Lifestyle inflation – Why pay rises don’t make you wealthier

Conventional wisdom dictates that you work hard, continually get promoted throughout your career, and get richer as a result. However, it doesn’t always work out that way. This blog will explore what is meant by, and the danger of, lifestyle inflation, the difference between being rich and wealthy and how you can defend yourself from lifestyle inflation.
What is lifestyle inflation?
Quite simply, lifestyle inflation occurs when your lifestyle becomes more expensive over time in line with your increasing income.
Whilst this trend is perfectly normal and should to a degree be encouraged, there are associated dangers.
When your income level increases, you will often feel the desire or the freedom to treat yourself, which is completely OK. However, if at the start of your career, you live pay-cheque to pay-cheque, this habit can be hard to shake. If you continue to empty your bank account each month, even after you’ve gained promotions and pay rises, you are at risk of suffering from lifestyle inflation. As pay rises are often small and incremental, it can be easy to add small everyday purchases to your expenditure without realising your outgoings are increasing dramatically over time.
A study by GoBankingRates found that 57% of Americans have less than $1,000 in their savings, and even families earning upwards of 500k a year can still end up with little or no money saved for emergencies. The reason may be lifestyle inflation: many people choose not to put away any extra because constantly they’re purchasing new things instead.
Those who suffer from chronic lifestyle inflation will visualise all surplus income as disposable income. This is especially an issue for people who do not pay into an automatic pension scheme, as often 100% of their income will be spent each year without accumulating any wealth.

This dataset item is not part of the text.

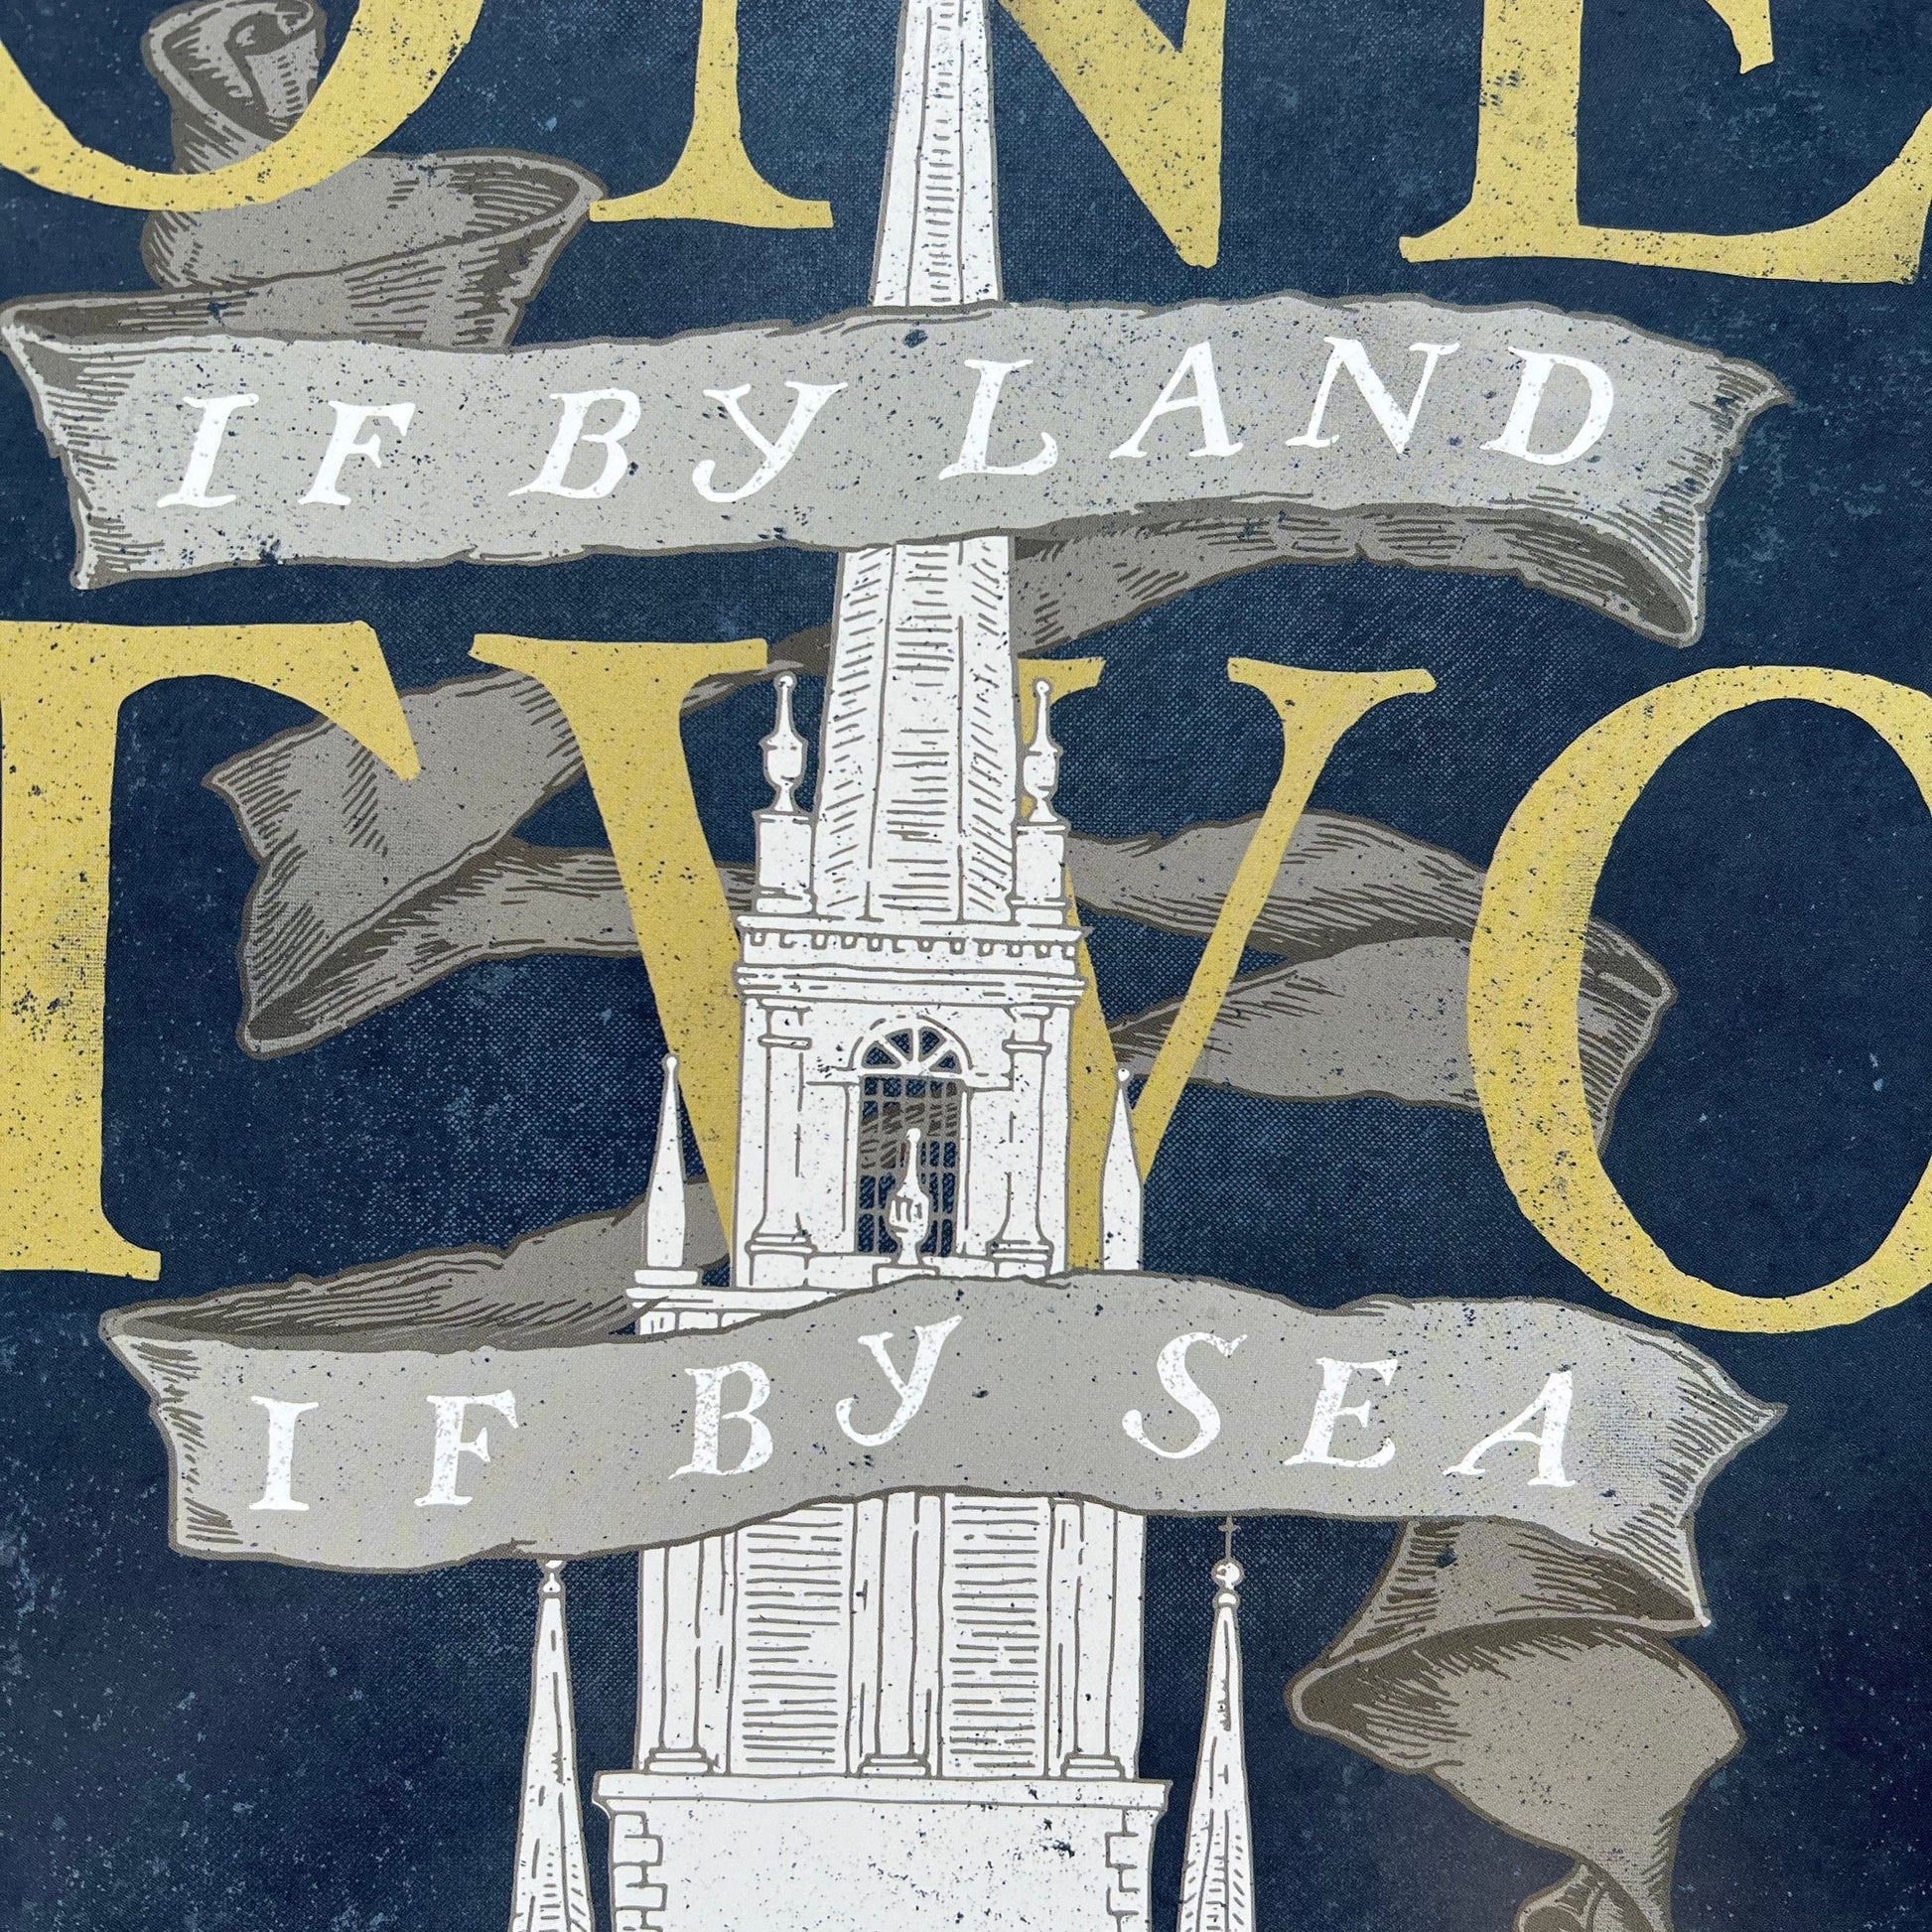 Close-up of "One if by land . . ." Postcard from The History List store
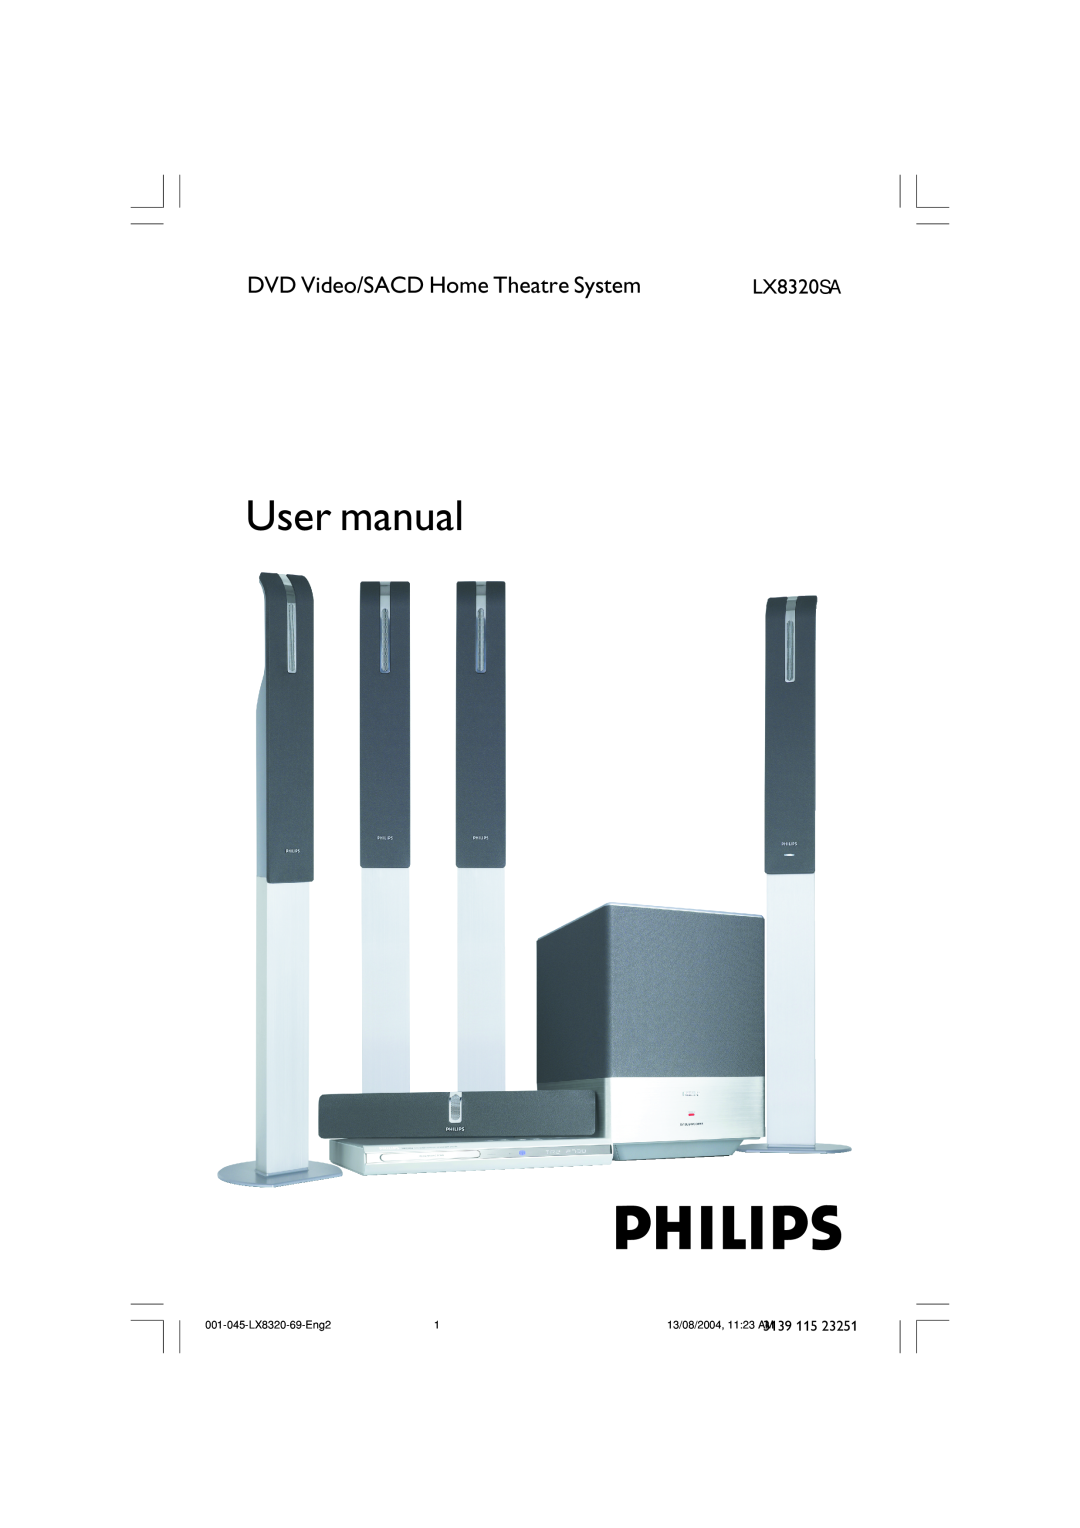 Philips LX8320SA user manual DVD Video/SACD Home Theatre System, 001-045-LX8320-69-Eng2, 13/08/2004, 11 23 AM

“A high income makes you rich, but not wealthy.”

According to Robert Kiyosaki, the amount of money you earn can make you rich; it does not, however, make you wealthy. Kiyosaki believes being rich is categorised by your income bracket. However, wealth is how long you can survive without income.
For example, a person who earns $180,000 per annum can be classified as rich. However, if their expenditure amounts to $160,000 per annum, they will be unable to survive for long without that income. In Kiyosaki’s eyes, wealth is measured in the amount of income-generating assets you own. These can be rental incomes from real-estate, dividend and interest payments from investment portfolios, or revenues from online assets. The list of potential income-generating assets is a long one. To become wealthy, according to Kiyosaki, the purchasing of these types of assets should be prioritised.
Stop trying to keep up with the Joneses
In the modern, social media dominated world, it can be difficult to avoid the temptation to try and match your peers in terms of spending. This phenomenon is known as “keeping up with the Joneses”. When you see people going on expensive trips, buying flashy cars or splashing out on lavish dinners, you may feel as if you’re lagging behind them. Don’t worry! A person’s social media is showing you exactly how they wish to be seen. It doesn’t show the more important things such as their bank balance or mental health. Focus on yourself and your own personal goals, avoid trying to seek approval from others by impressing them.